| TASK STATEMENT |
Using the listing below, retype exactly the lines starting at the one with "金花茶 [国宝]防城雪梅金花茶植物大熊猫" and ending at the one with "una escapada a", and include both.

| SUPPLIED DATA |

═══

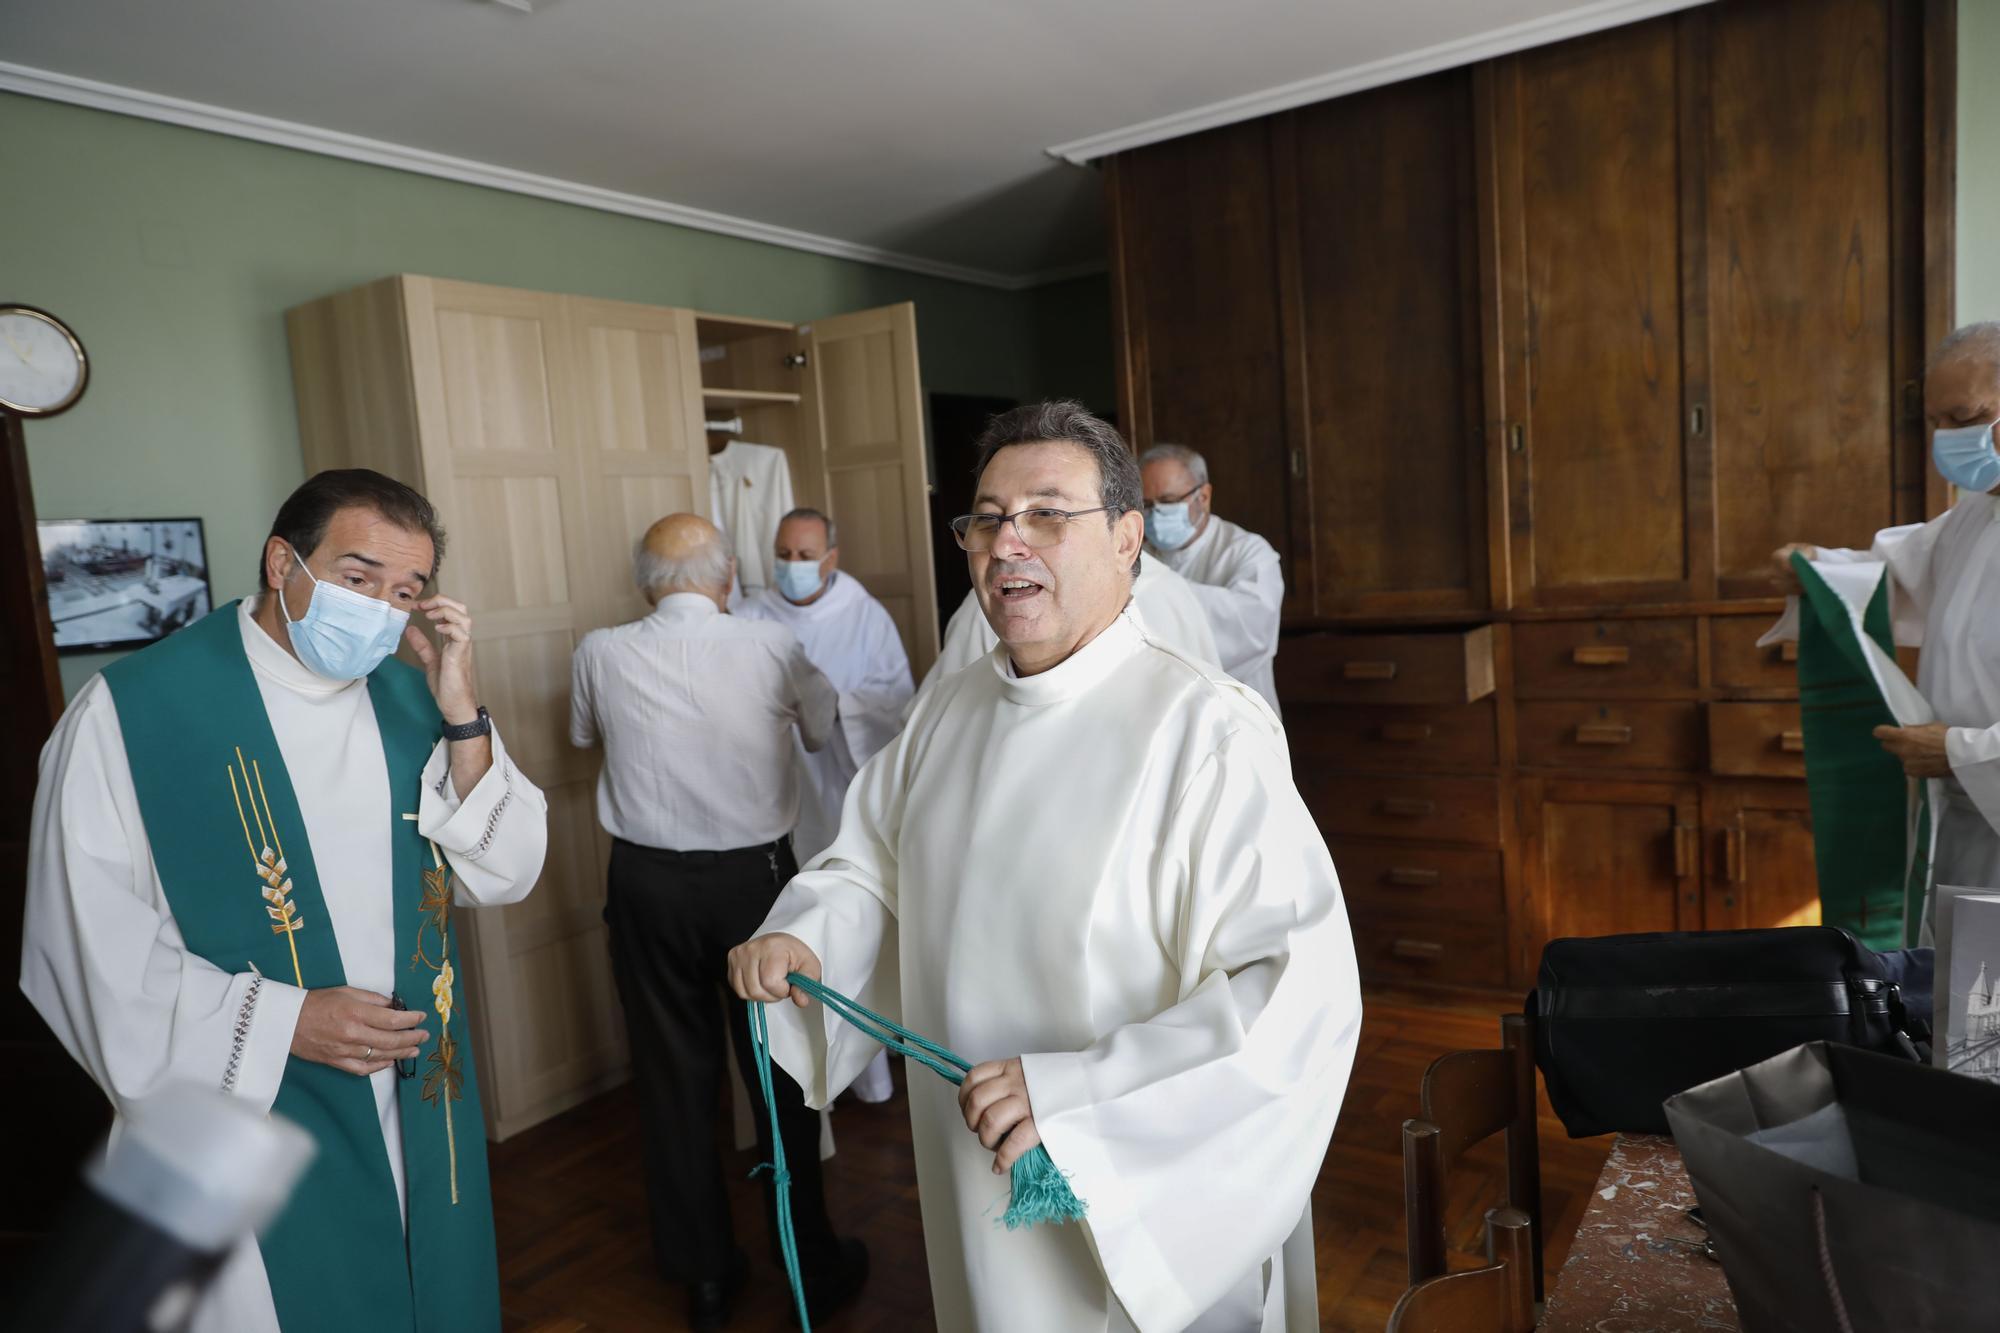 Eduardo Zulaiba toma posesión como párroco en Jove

═══

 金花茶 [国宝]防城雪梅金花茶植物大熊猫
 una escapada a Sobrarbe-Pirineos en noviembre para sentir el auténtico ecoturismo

═══

| RESPONSE AREA |
 金花茶 [国宝]防城雪梅金花茶植物大熊猫
 una escapada a Sobrarbe-Pirineos en noviembre para sentir el auténtico ecoturismo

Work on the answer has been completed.